**EXERCISE DIRECTIONS:** Drop the images. Copy every line below character for character.

== RECORDED DATA ==

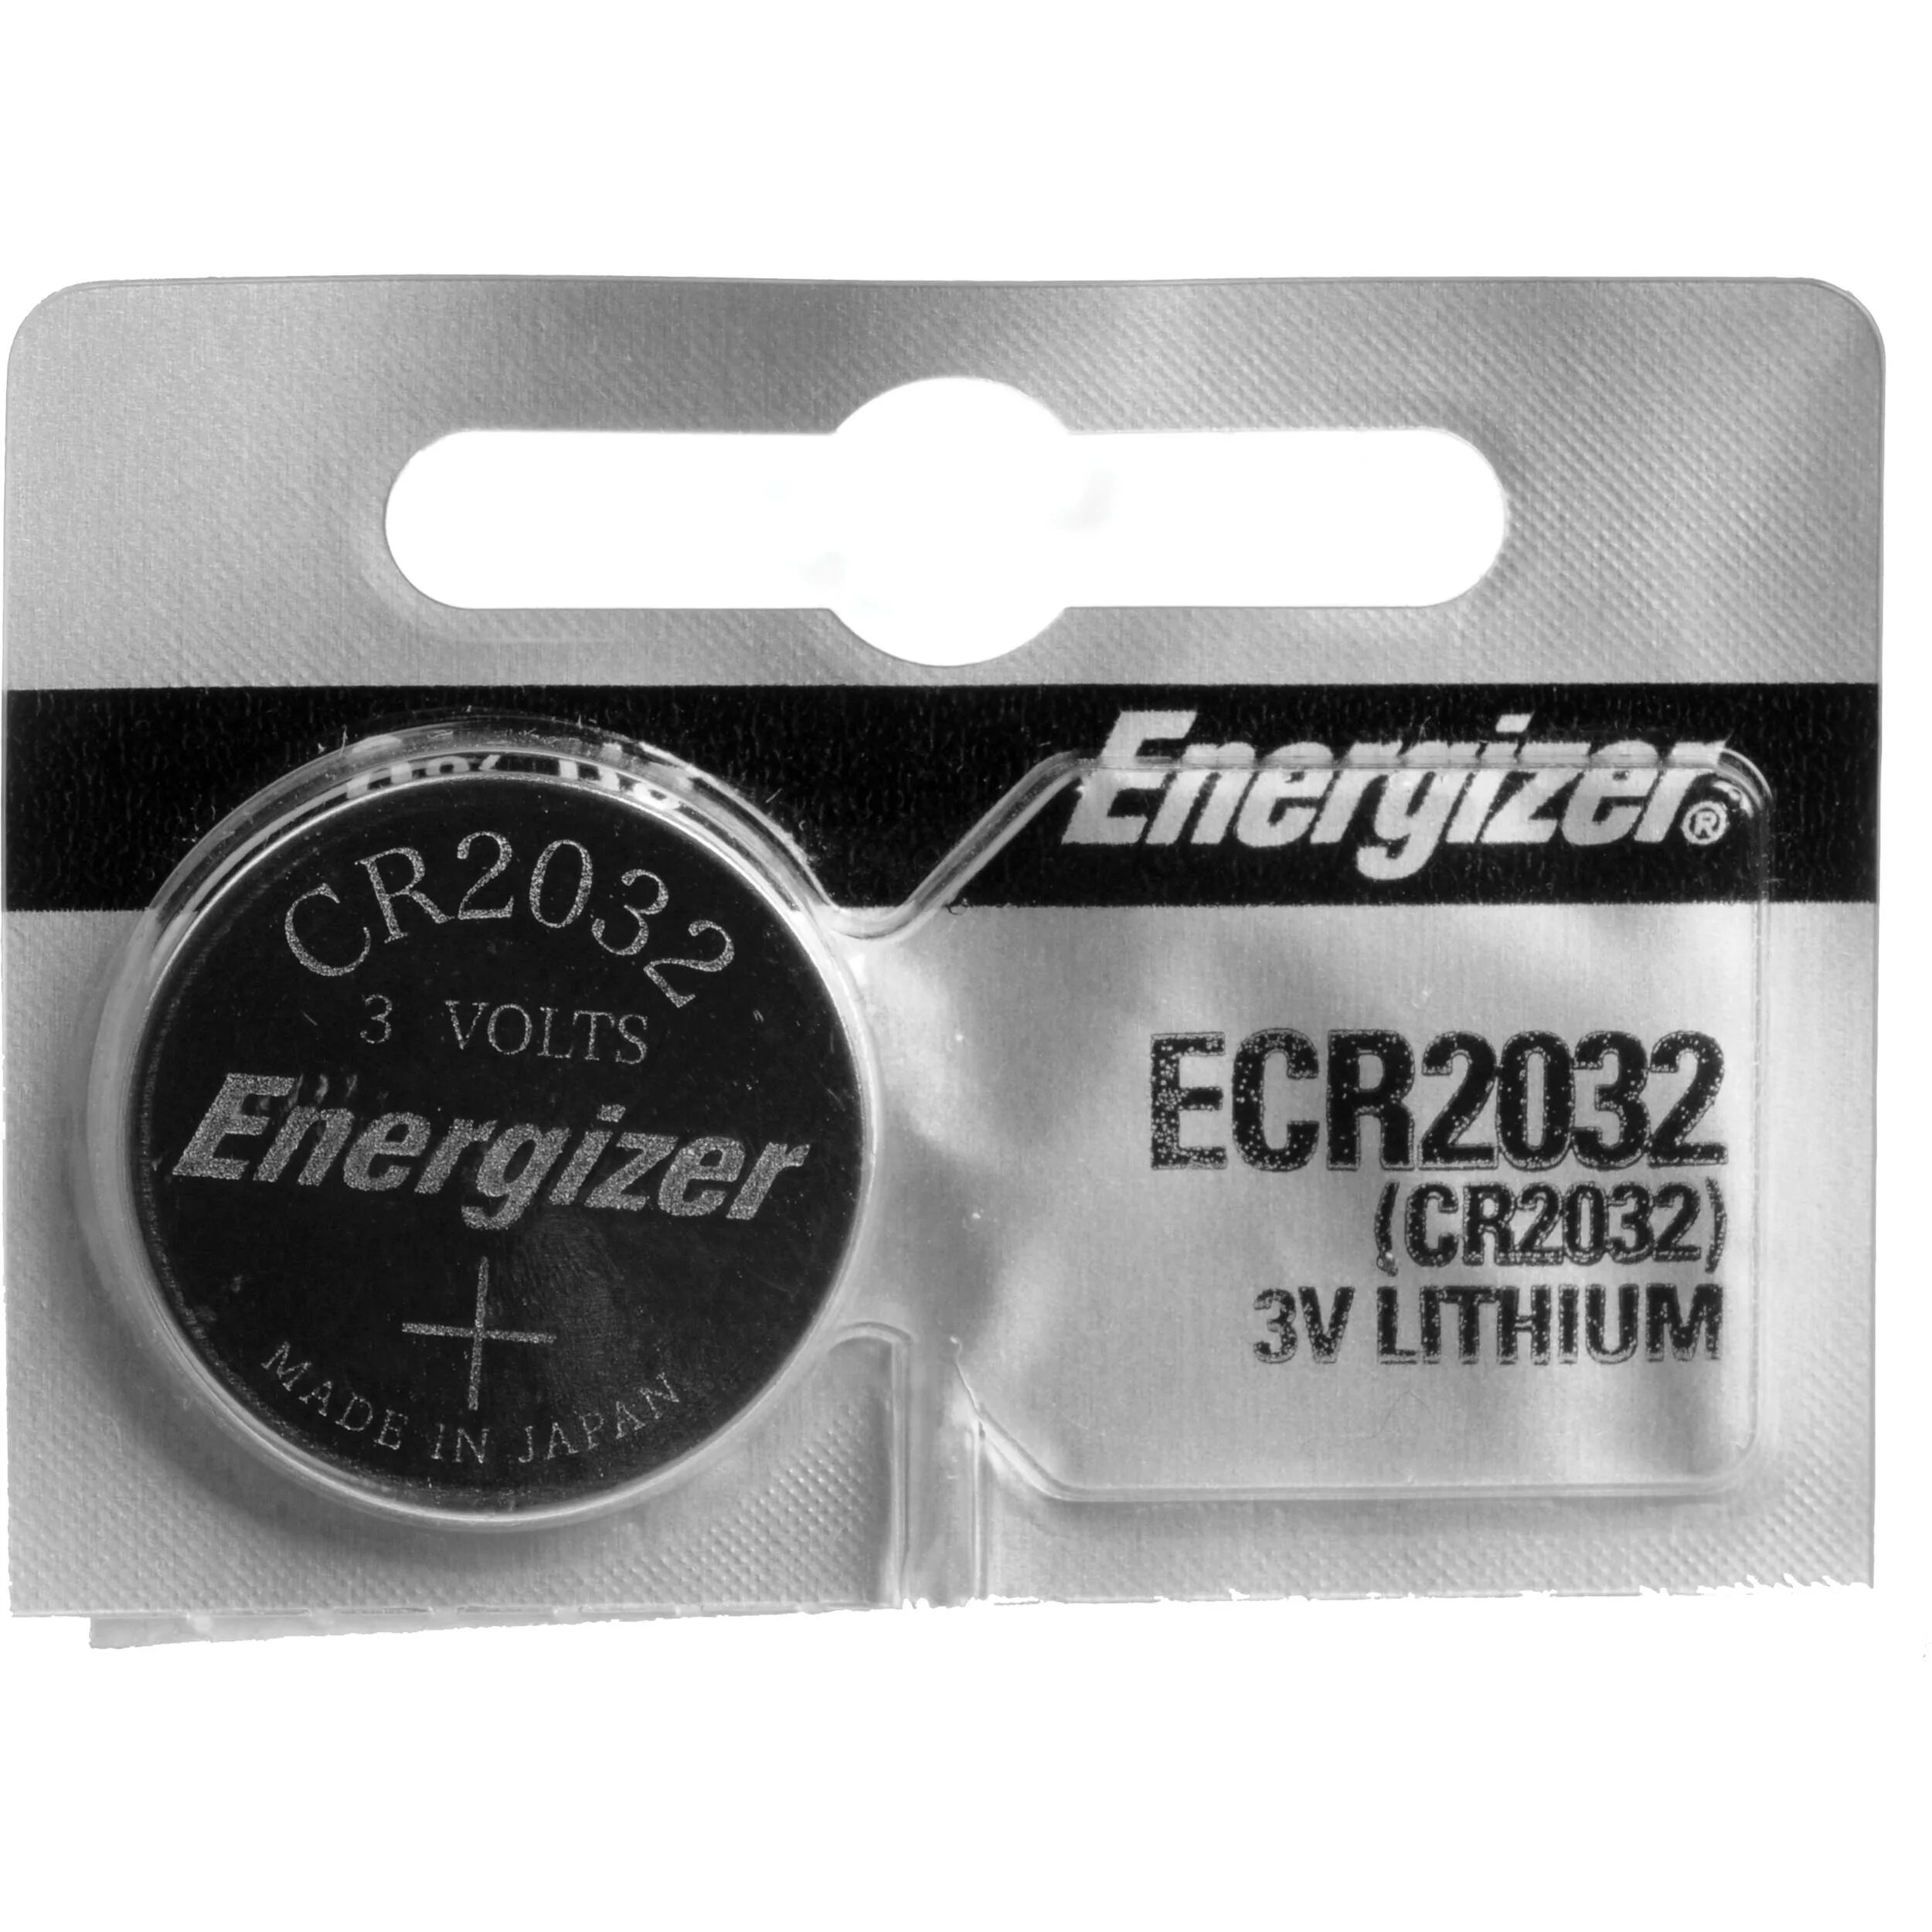 Литиум батарейка 2032. Батарейка cr2032 Energizer. Cr2032 батарейка Energizer Lithium. Батарейка cr2032 (3v).
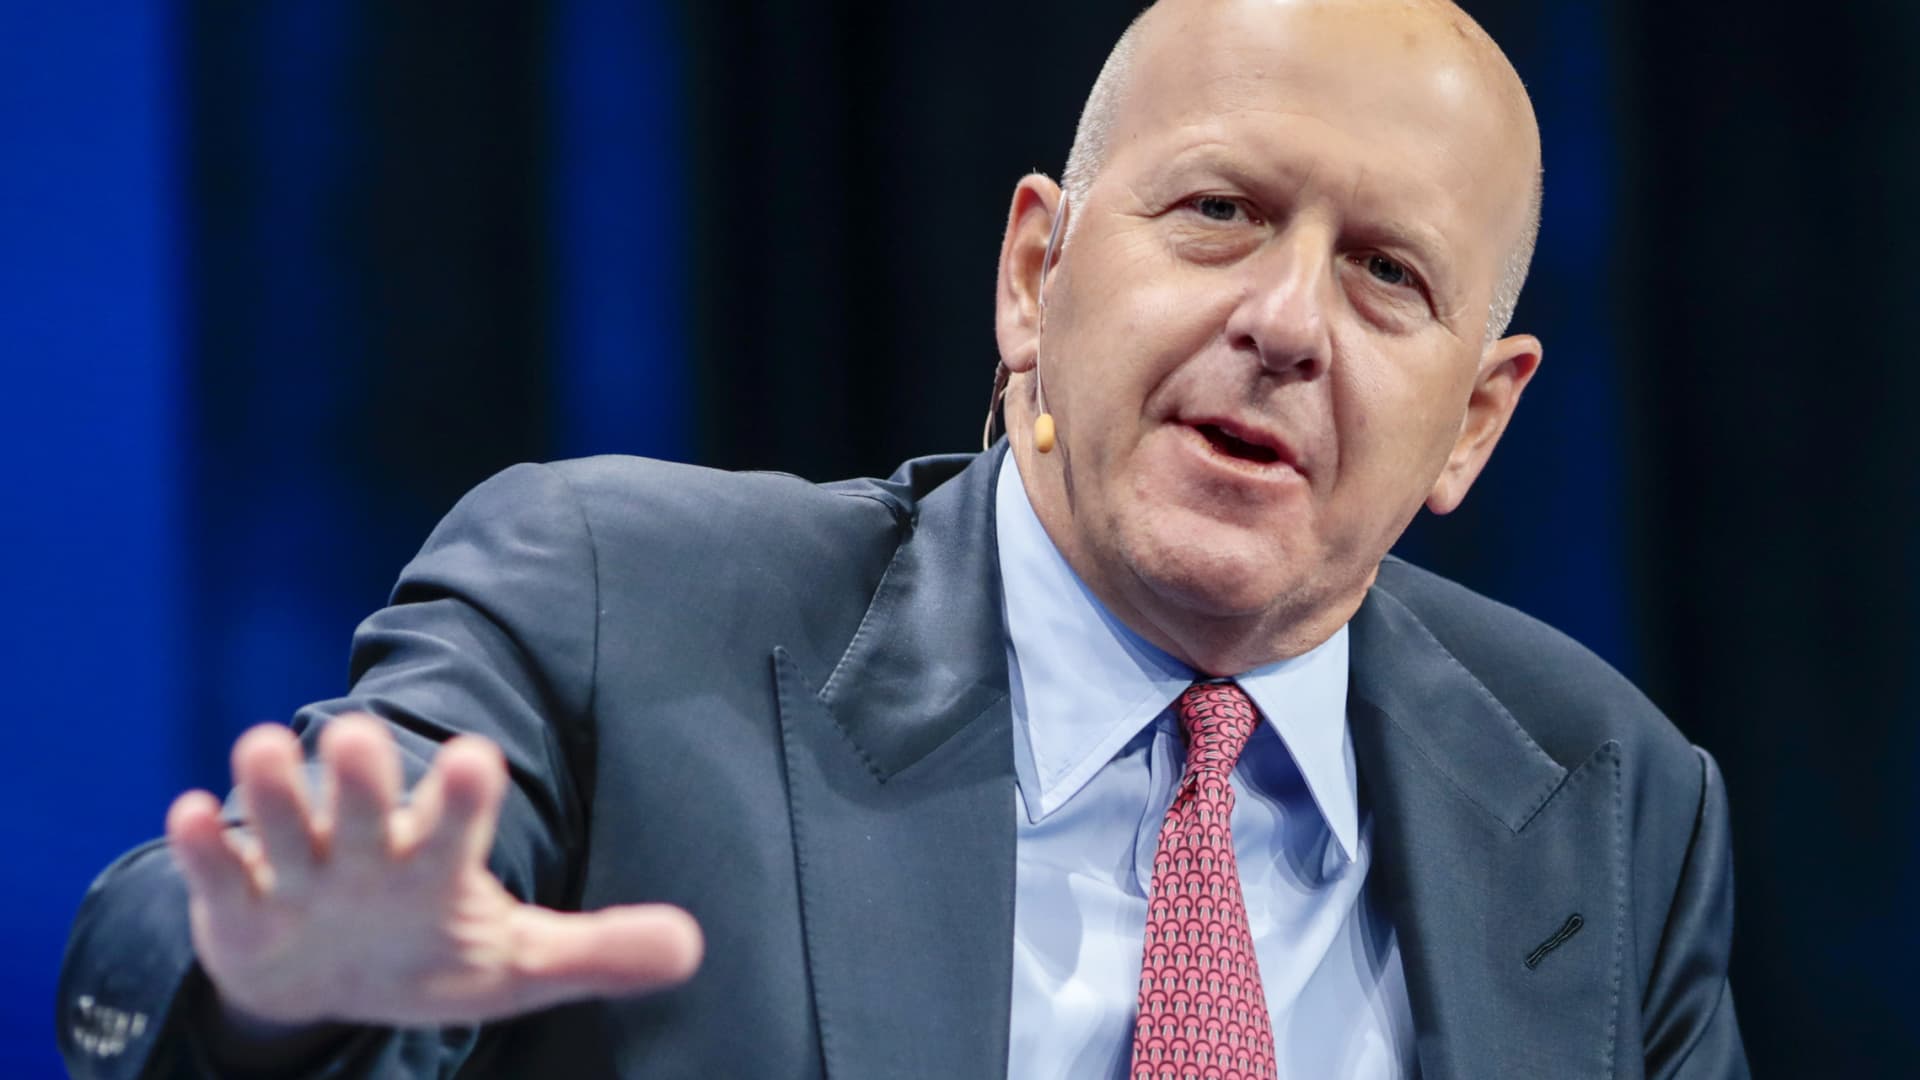 Goldman Sachs warns merchants of shrinking bonus pool as Wall Road hunkers down
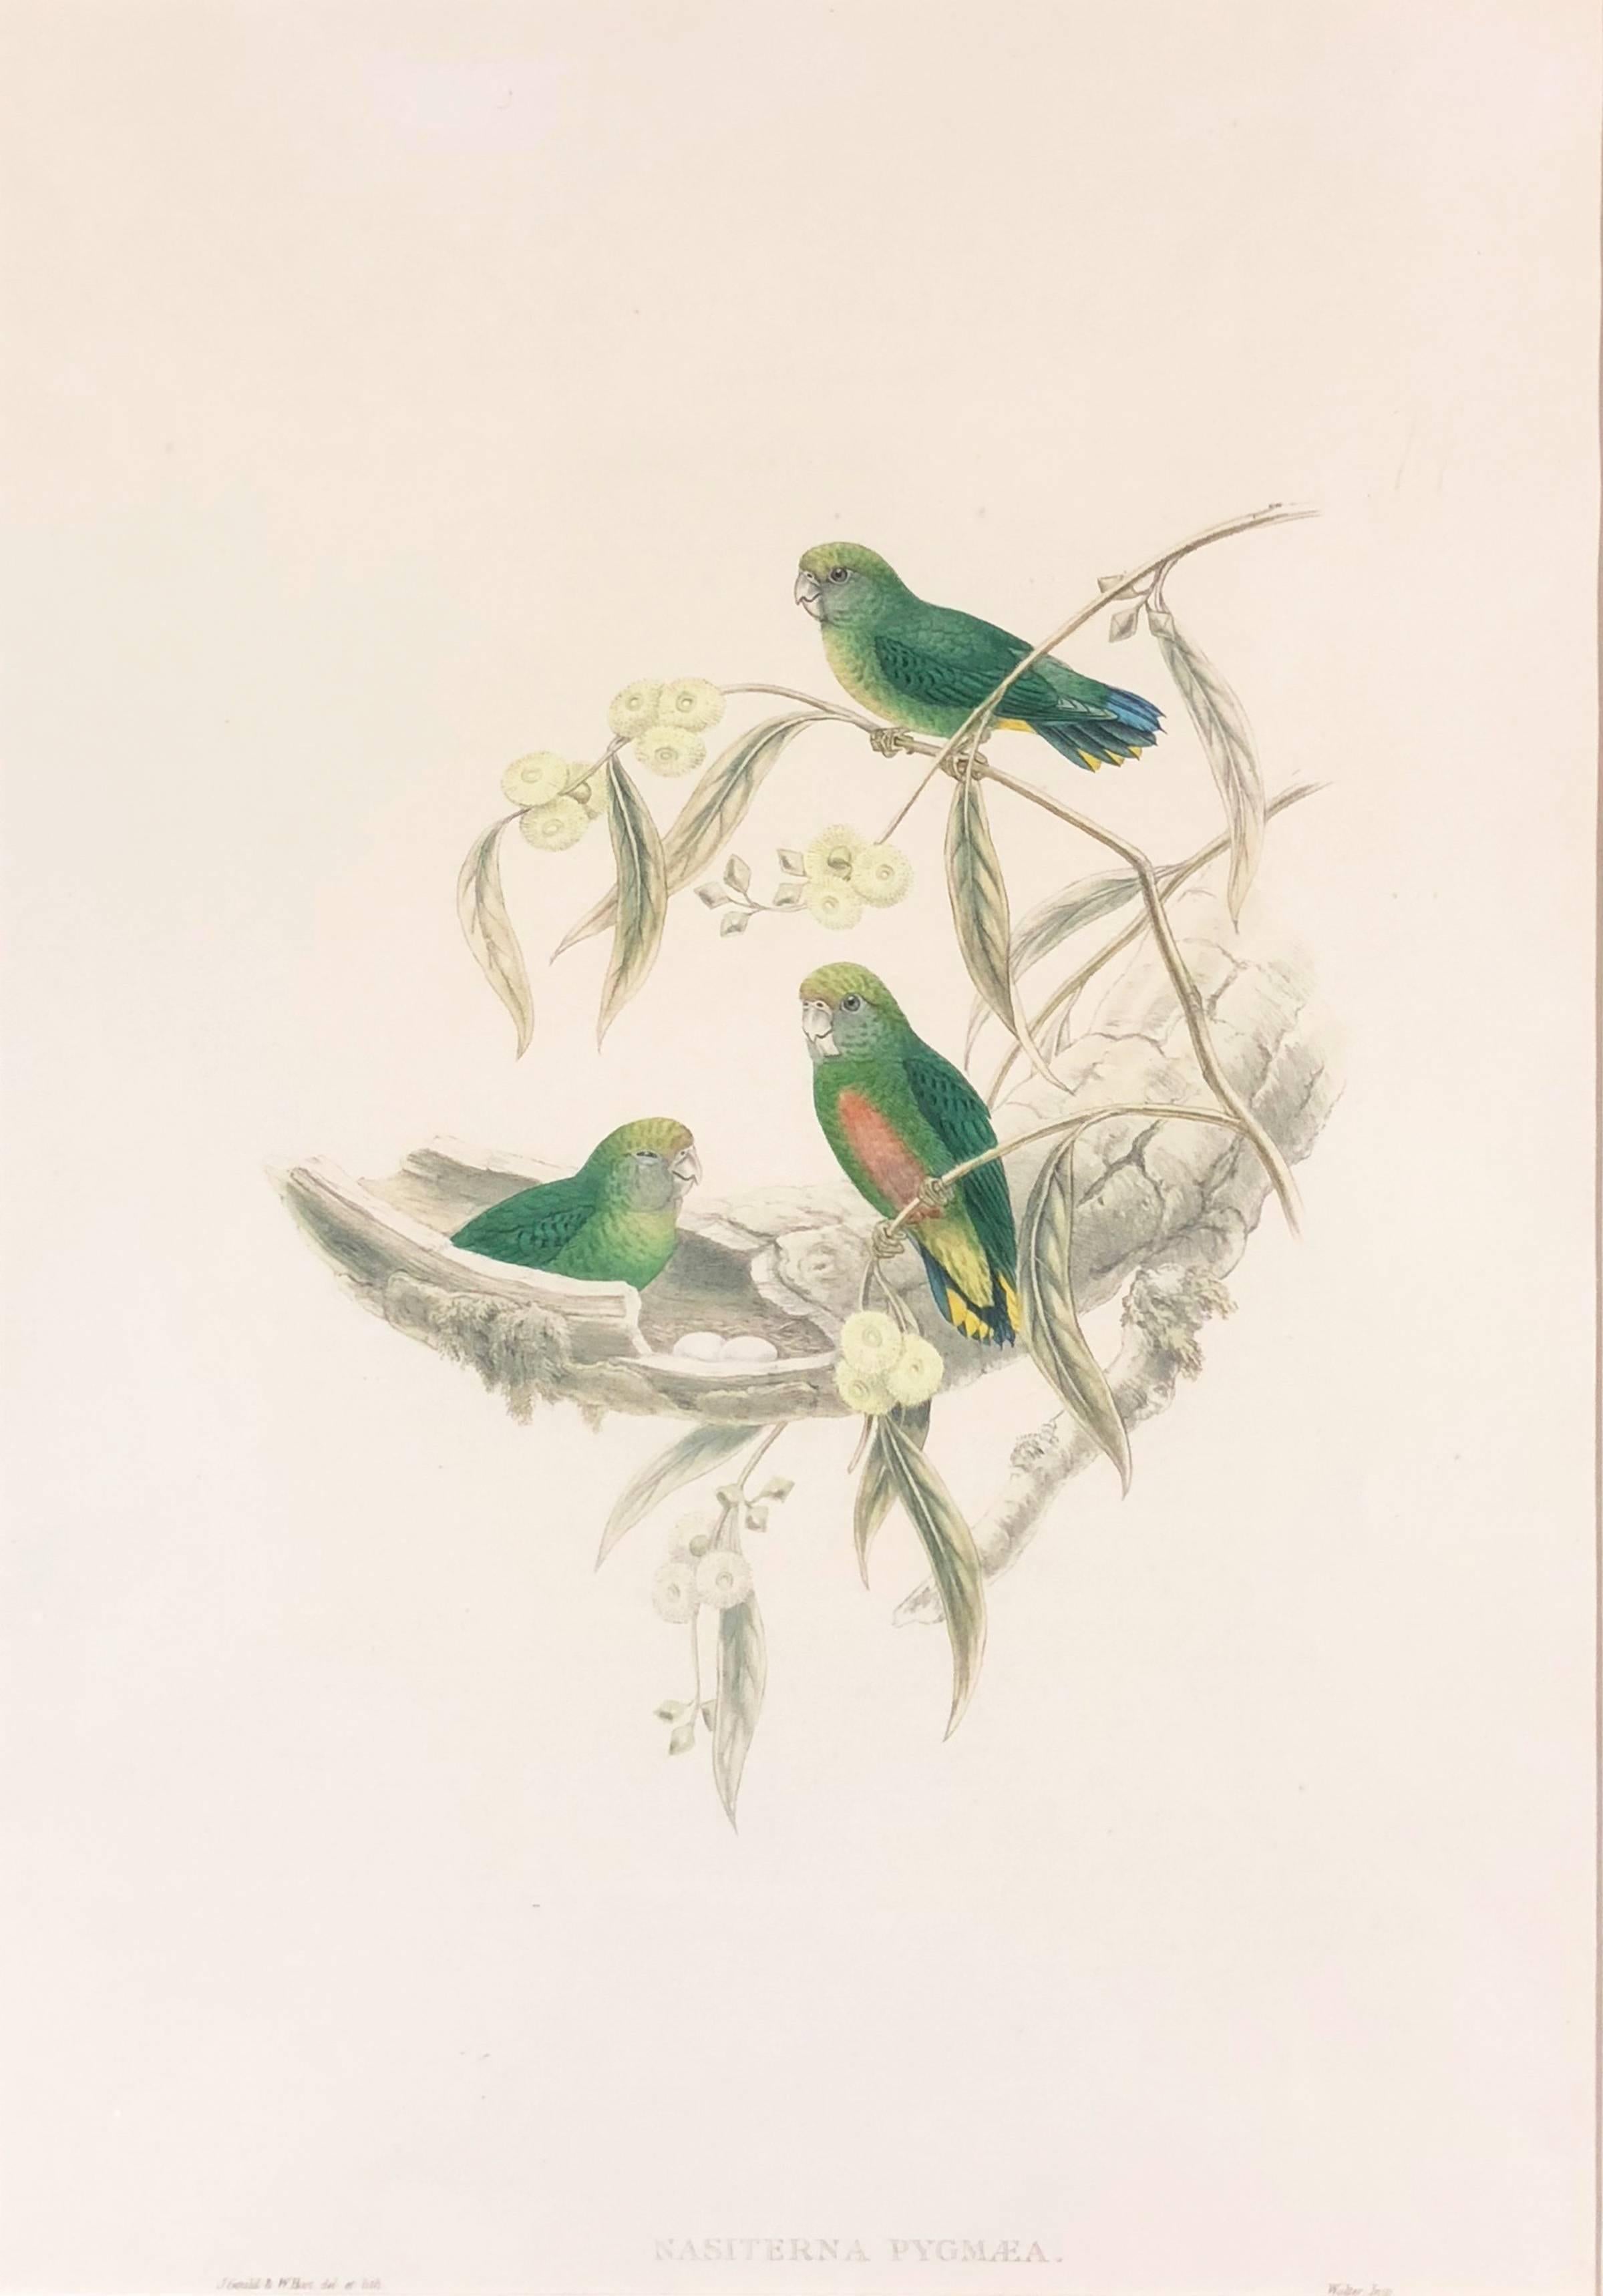 John Gould Animal Print - Nasiterna Pygmae

===

**ANSWER BOX:**
 Литиум батарейка 2032. Батарейка cr2032 Energizer. Cr2032 батарейка Energizer Lithium. Батарейка cr2032 (3v).
 Goldman Sachs warns merchants of shrinking bonus pool as Wall Road hunkers down
 John Gould Animal Print - Nasiterna Pygmae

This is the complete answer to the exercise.